When letter carrier Gene Kahl noticed mail piled up at the home of an elderly couple along his Pensacola (Fla.) delivery route, he made chalk marks on their car tires, and after determining that it hadn't moved days later, called police, who discovered a husband, dehydrated and paralyzed with grief, sitting with his dead wife. Deeds like Kahl's are not unusual among letter carrier: Each year, dozens of U.S. Postal Service employees receive commendations for similar acts.
These days, the Postal Service itself is also in distress, expected to wrap up its fiscal year with a $7.1 billion deficit caused by a recession-led drop in mail volume and the burden of funding future retirees' health benefits. The fiscal crisis has some in the Postal Service and its unions suggesting that the agency is uniquely positioned to capitalize on some long-underleveraged assets: No other firm has the Postal Service's regular access to every U.S. residence, business, and post office box—some 150 million daily stops, except Sundays. UPS (UPS), for example, has 71,600 delivery vehicles in the U.S., while the Postal Service has more than 200,000, some of which travel to remote areas private transport companies won't. The service also employs a force of 268,000 carriers that could be deployed in new functions. Letter carriers' familiarity with customers and presence in every nook of the nation present entrepreneurial opportunities.

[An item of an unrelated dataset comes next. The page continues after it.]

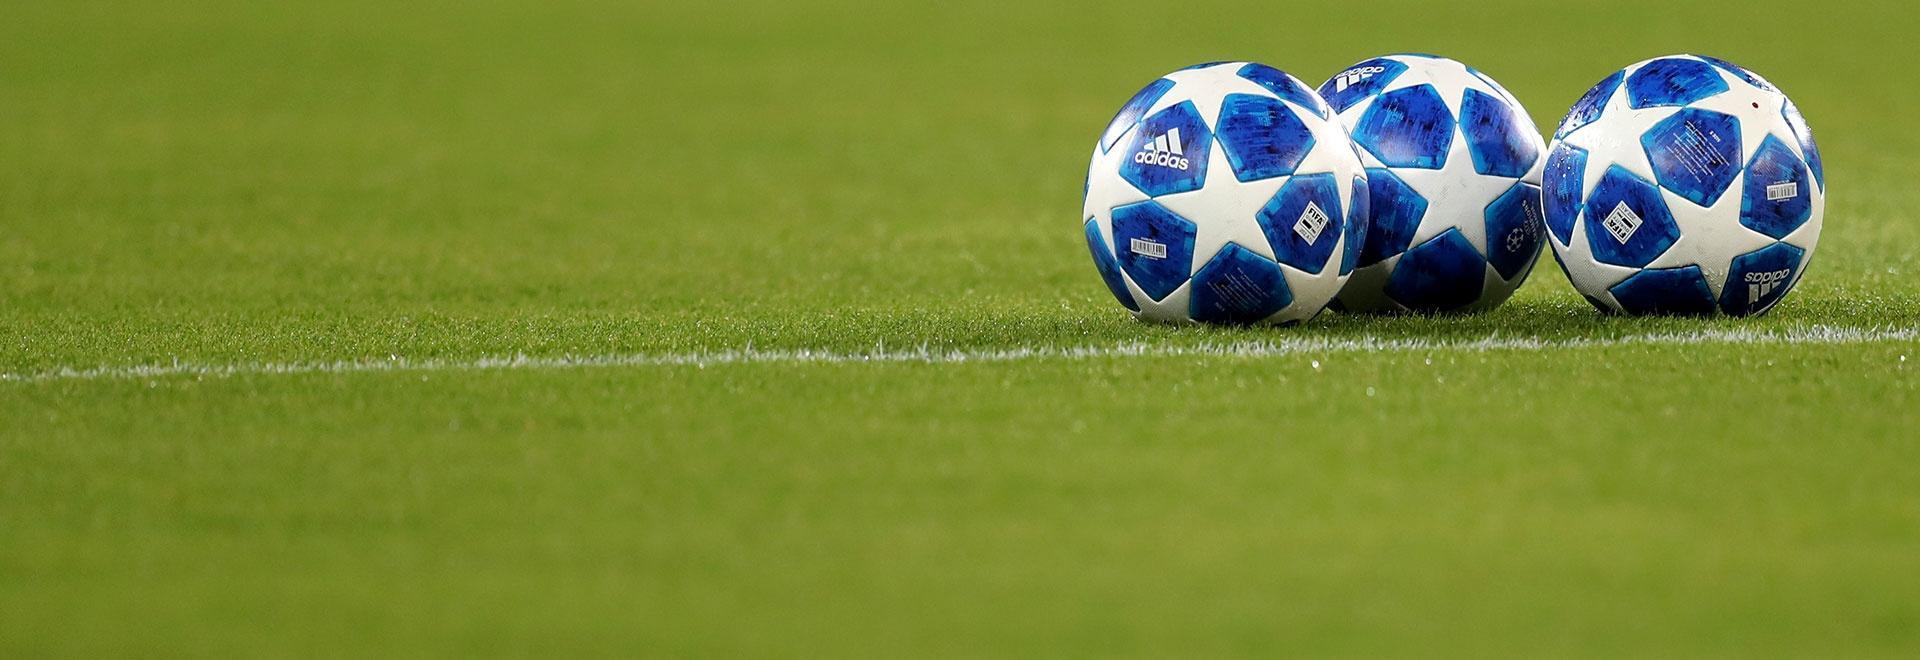 Bayern Monaco - Inter 2010

"We should experiment with utilizing our 'last mile' advantage in areas beyond traditional mail, whether that means conducting the Census or national polling, delivering medications, or helping law enforcement in any number of ways," Fred Rolando, the new president of the National Association of Letter Carriers, the union that represents 300,000 active and retired letter carriers, told a Senate panel on Aug. 6.
He believes Postal Service carriers could perform such services as helping with Neighborhood Watch efforts and checking on older people who might need assistance. The extra revenue would come from businesses and governmental and community organizations who would pay the Postal Service for performing services at their behest. And who better than to rely upon than the folks who deliver their mail? "A lot of letter carriers have the same routes for years and get to know the neighborhoods and the customers and see their families grow up," Rolando says. "It would be a wonderful thing for customers to have people they've come to trust perform these services." Rolando says he is eager to engage officials at the Postal Service in talks about how to harness the organization's resources to stir up new revenue. It's not clear how far such work could extend, or how much revenue potential there is. Carriers would not seek pay increases as part of any expansion into new revenue-generating services, Rolando says. "We need to look at ideas from workers and the community," he says. "They're the ones who know what could be done on a daily basis."
The Postal Service is already deriving extra revenue from the "last-mile" partnerships, whereby FedEx (FDX) and UPS (UPS) transport their own packages on the larger part of their journeys, then drop them at post offices that serve out-of-the-way areas for delivery to final destinations. FedEx's own revenue from SmartPost, its last-mile partnership with the Postal Service, increased 21% in the last quarter.
"We've always thought the Postal Service should leverage the way it goes to every home and business," says Bette Phelan, a spokeswoman for Senator Tom Carper (D-Del.), who is co-sponsor of the Postal Service Retiree Health Benefits Funding Reform Act of 2009, which if passed would relieve the Postal Service of some of its onerous multibillion-dollar payments to the fund. Dale Goff agrees. "There are places in this country where post offices are the nearest outpost to the outside world for 200 miles," says Goff, president of the National Association of Postmasters of the U.S. (NAPUS), based in Arlington, Va., which represents the 30,000 postmasters and retirees. "Why shouldn't we do the Census? Why shouldn't we be going to different government agencies and seeing what we can do for them?" Additionally, the carriers' union and Postmaster General both strongly favor utilizing post offices to sell products and financial services.